Raw data START
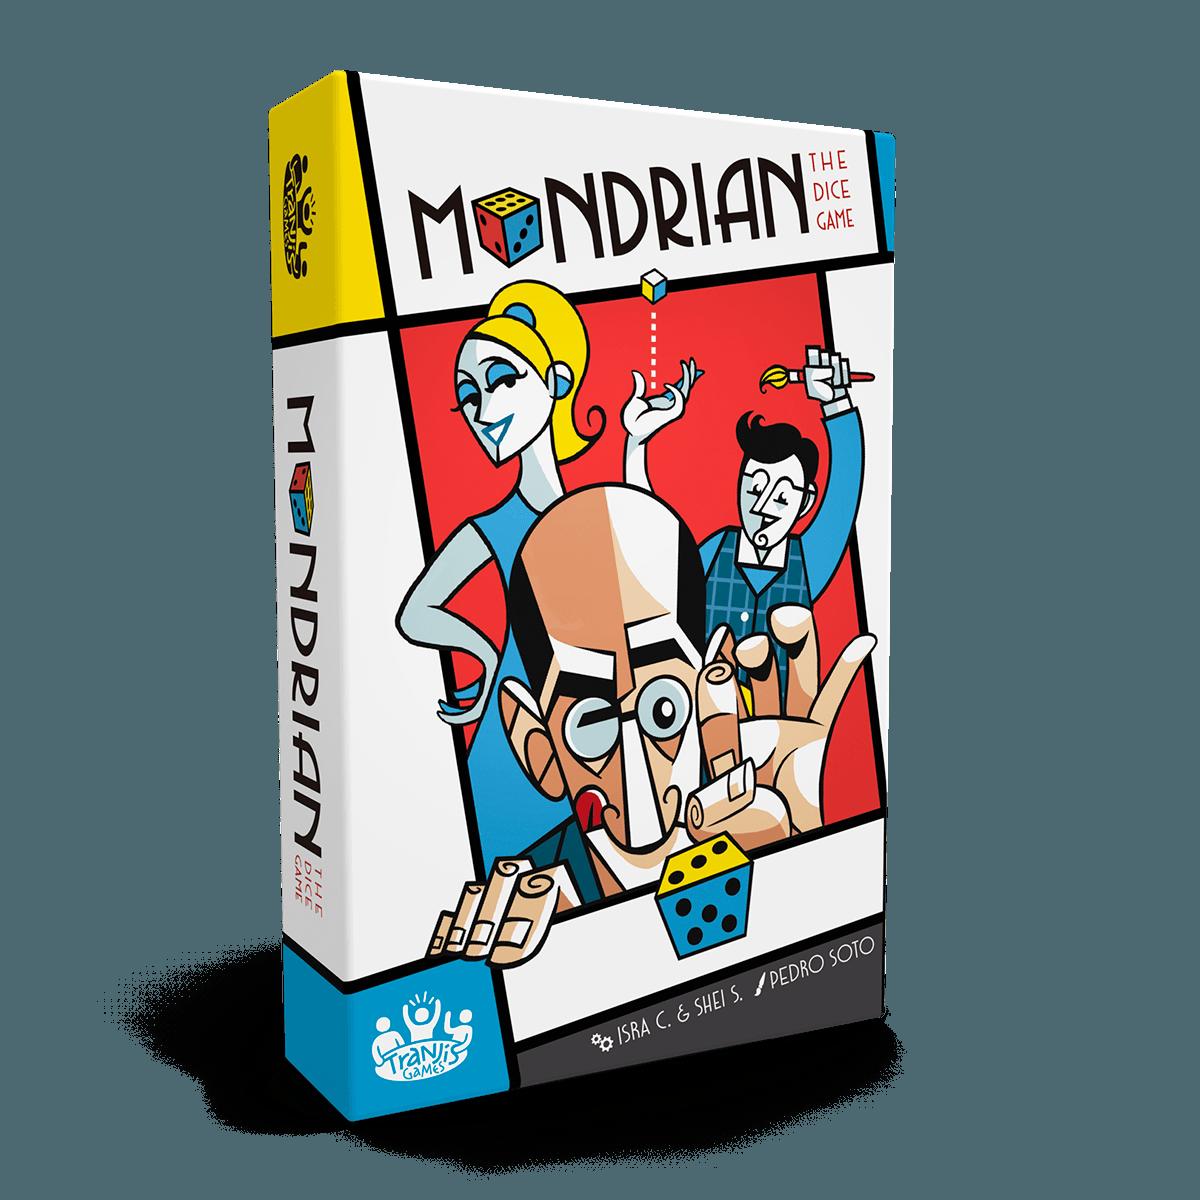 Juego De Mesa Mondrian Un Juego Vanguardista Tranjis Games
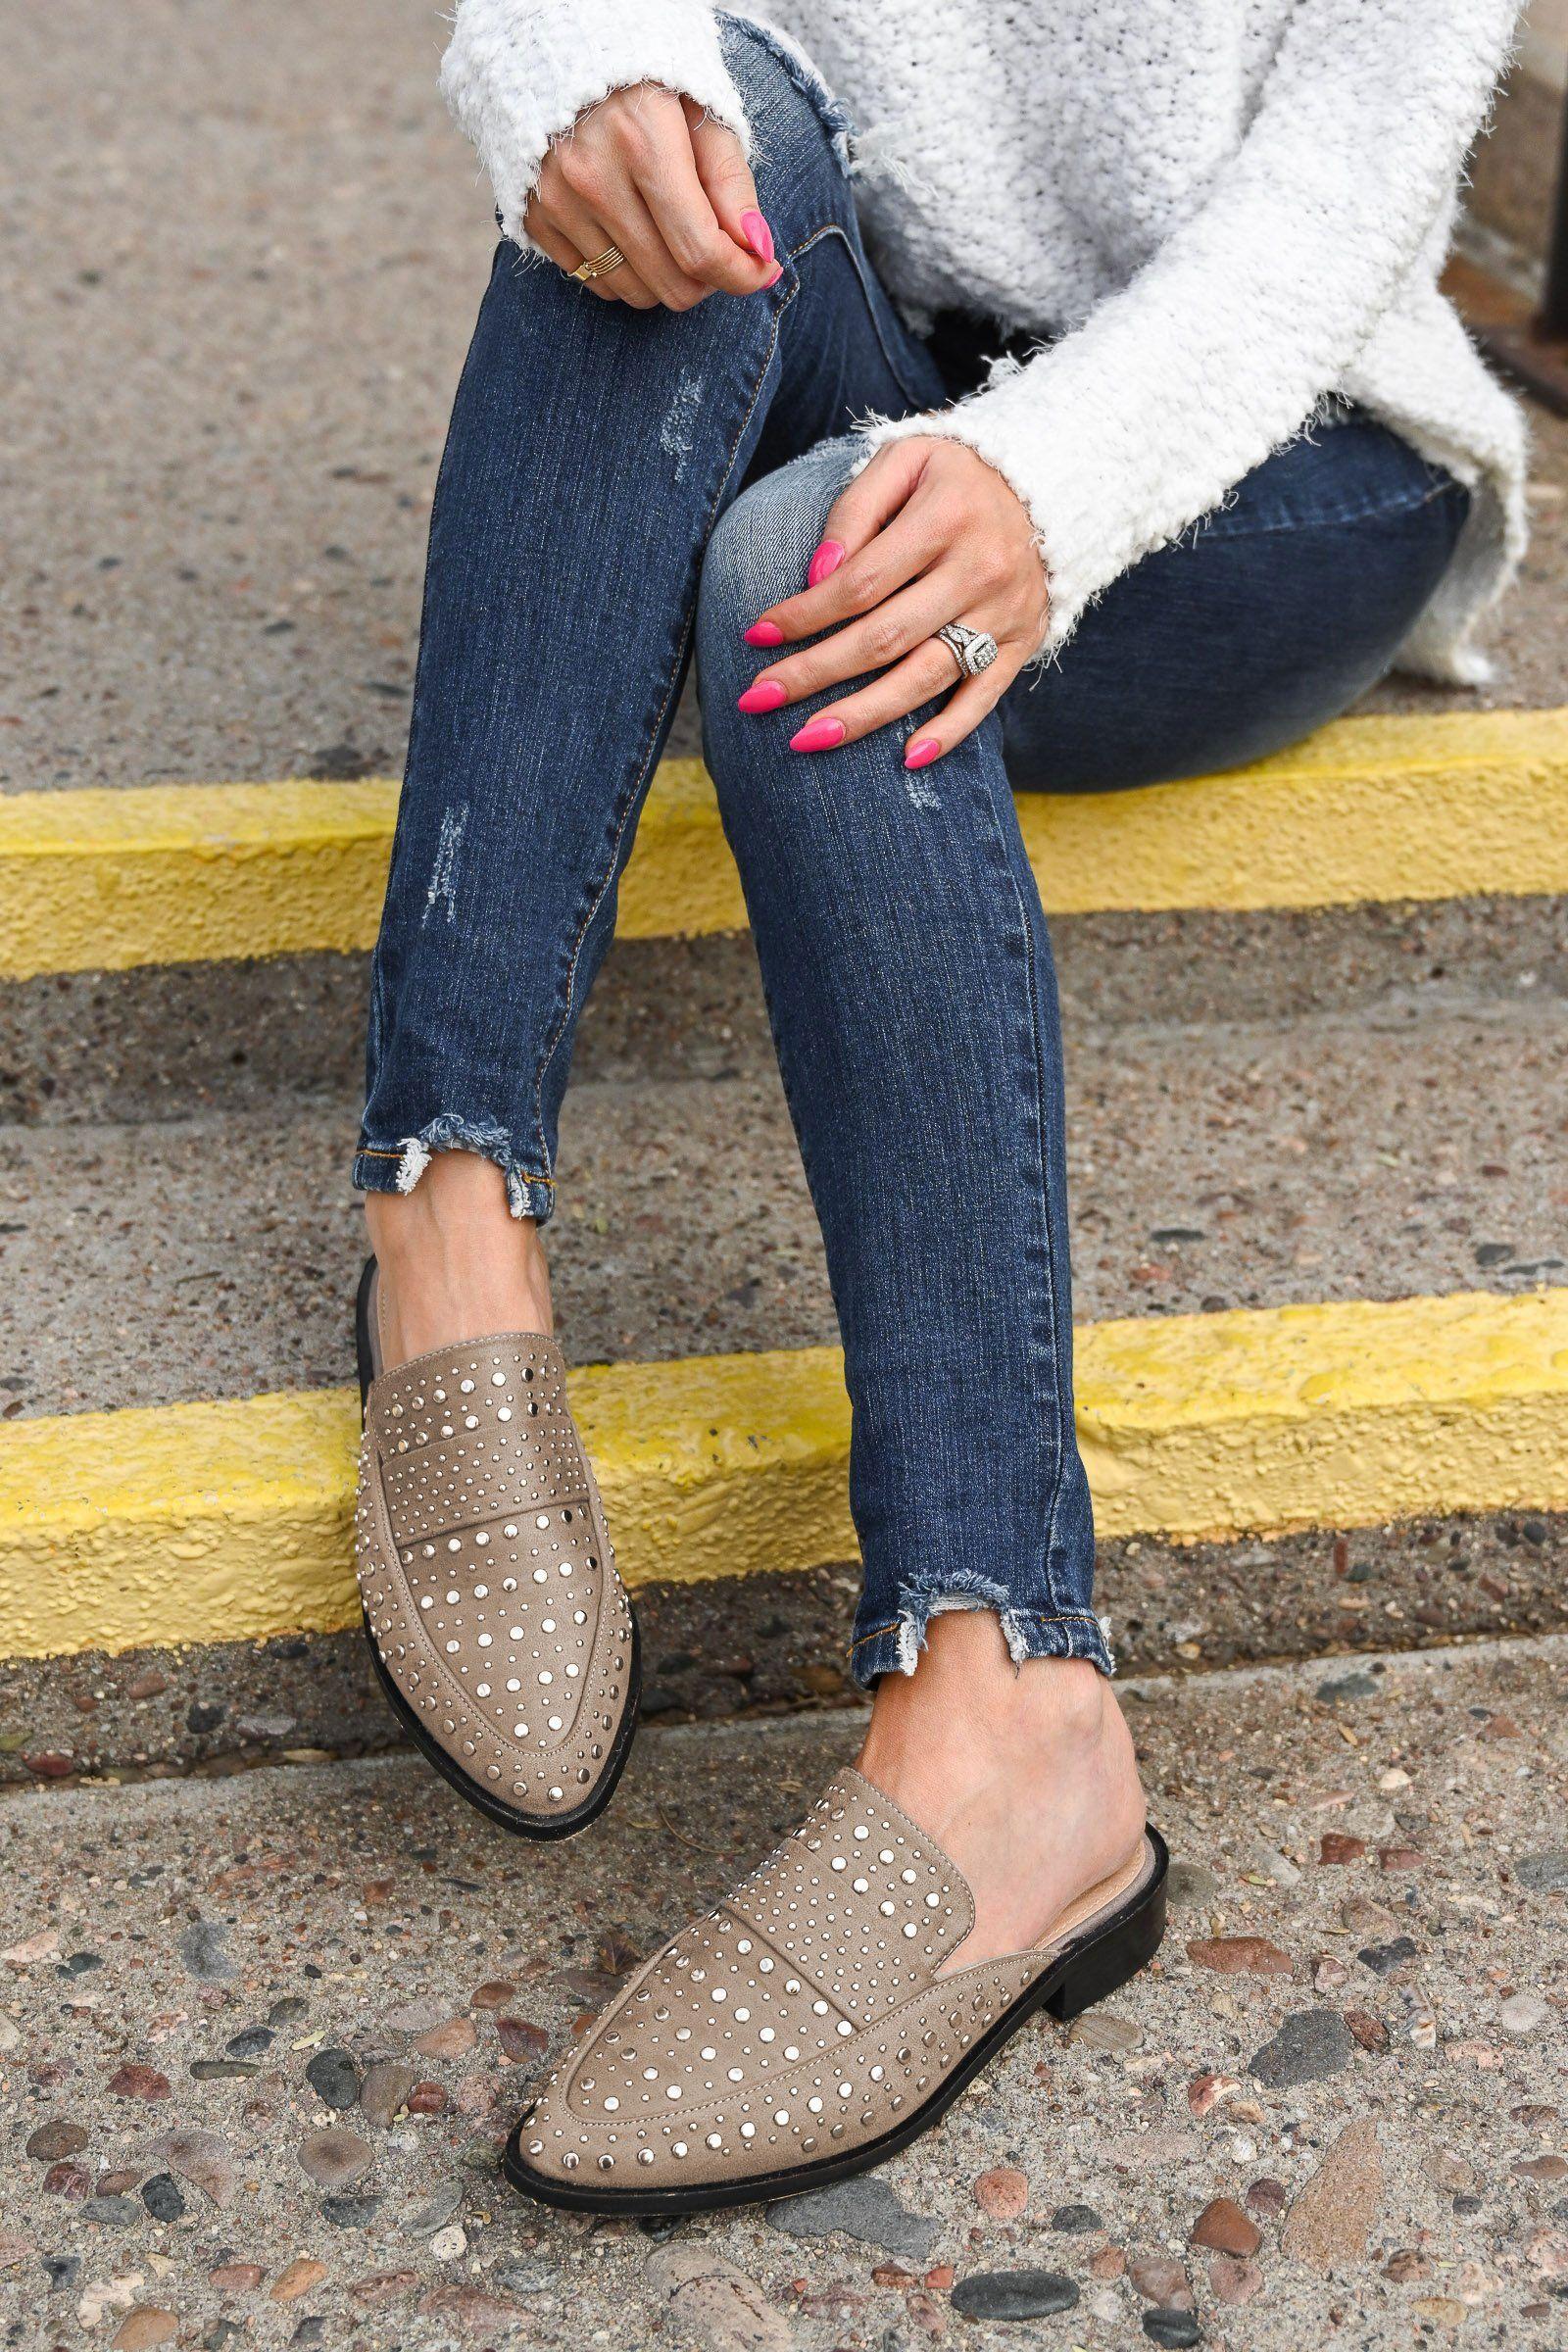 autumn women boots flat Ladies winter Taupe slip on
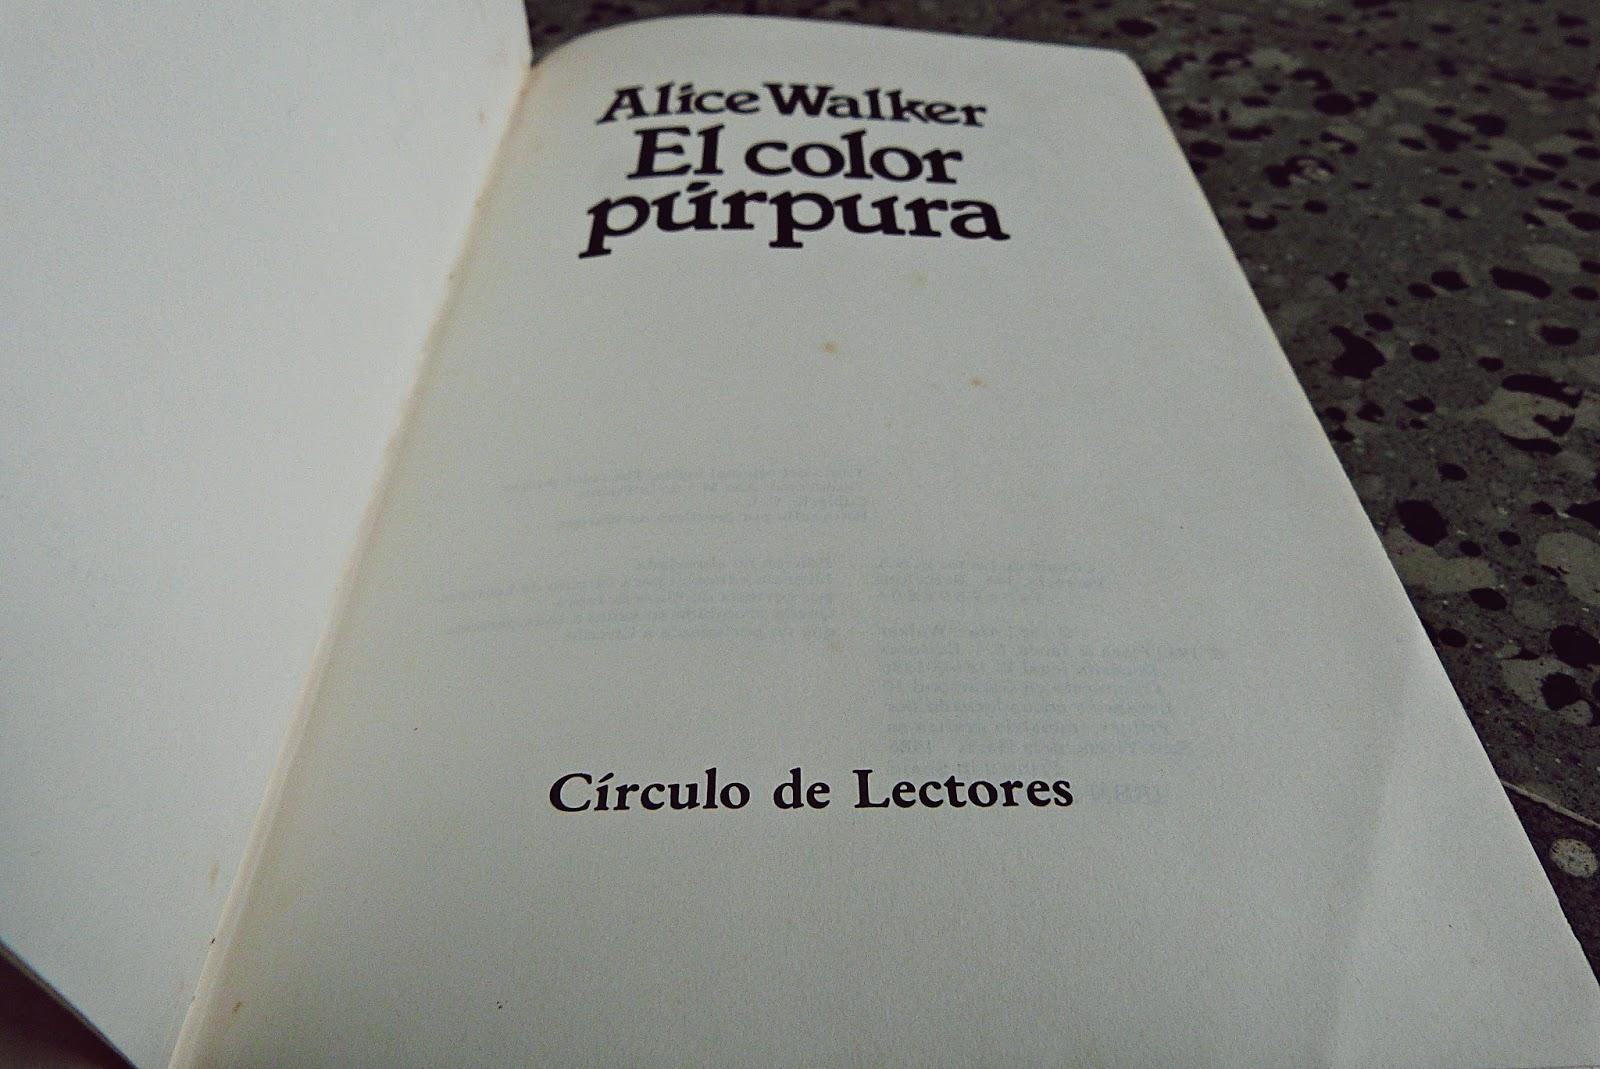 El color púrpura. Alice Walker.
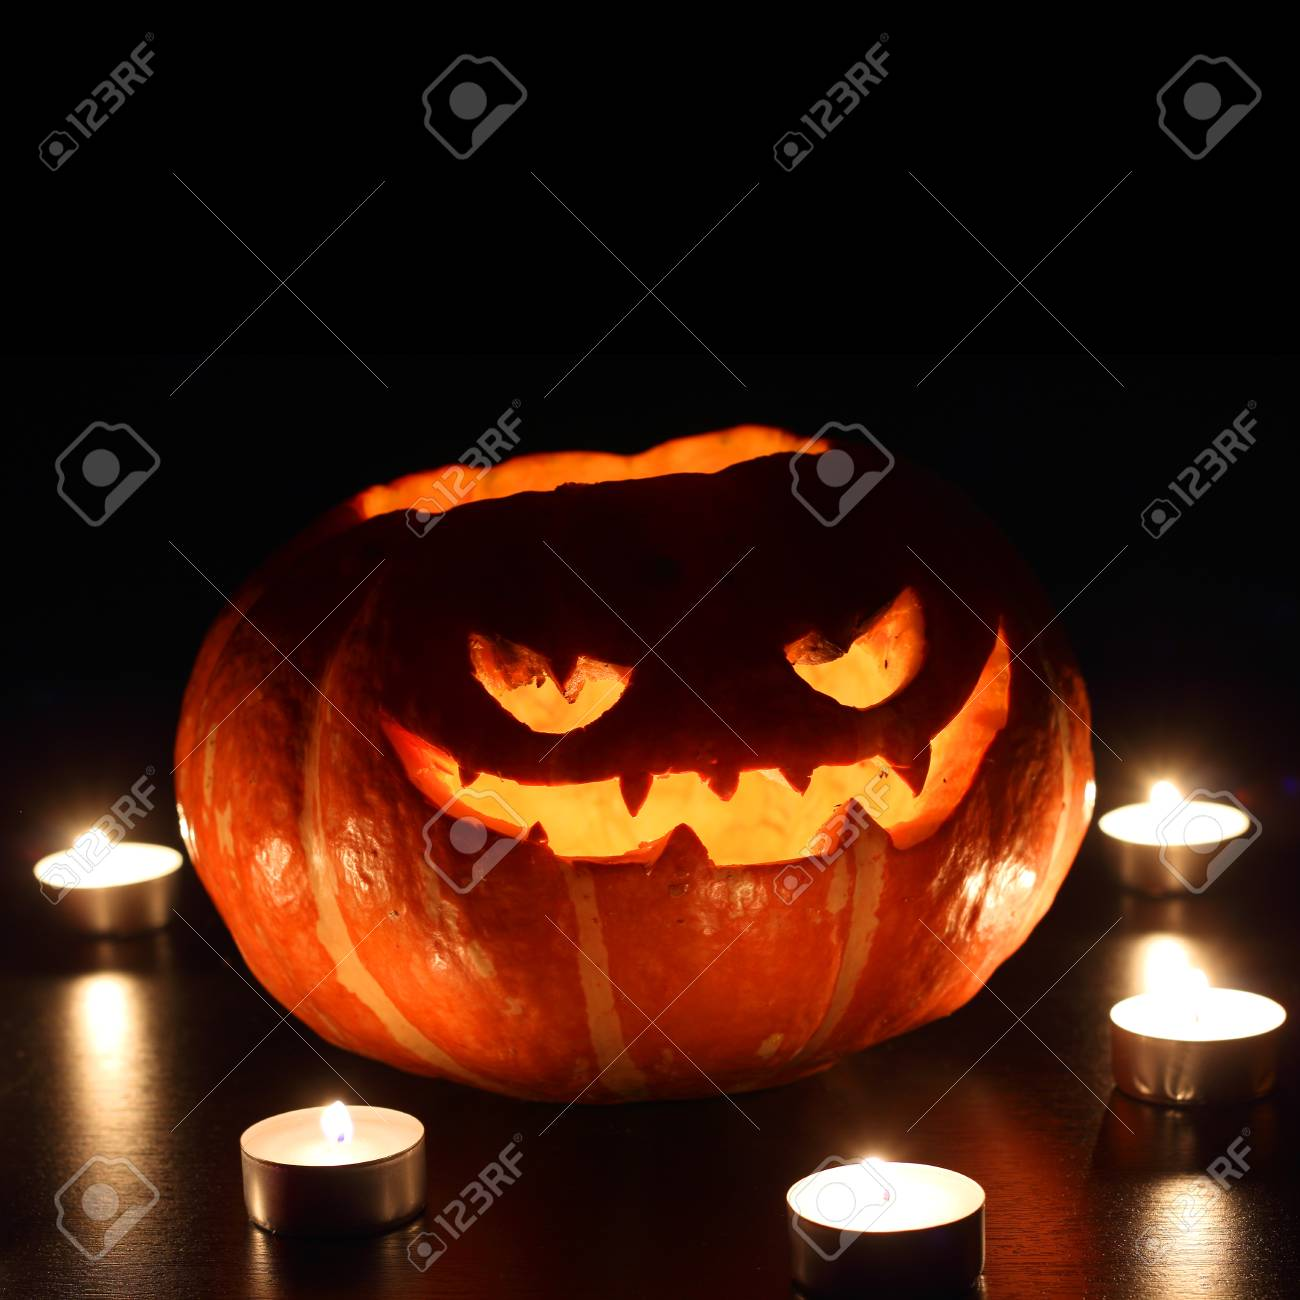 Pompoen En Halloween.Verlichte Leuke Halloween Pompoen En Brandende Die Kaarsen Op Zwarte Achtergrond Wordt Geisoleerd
Raw data END
= What you need to do =
The reply must consist of the complete listing, reproduced exactly, with no images.

= Reply to the exercise =
 Juego De Mesa Mondrian Un Juego Vanguardista Tranjis Games
 autumn women boots flat Ladies winter Taupe slip on
 El color púrpura. Alice Walker.
 Pompoen En Halloween.Verlichte Leuke Halloween Pompoen En Brandende Die Kaarsen Op Zwarte Achtergrond Wordt Geisoleerd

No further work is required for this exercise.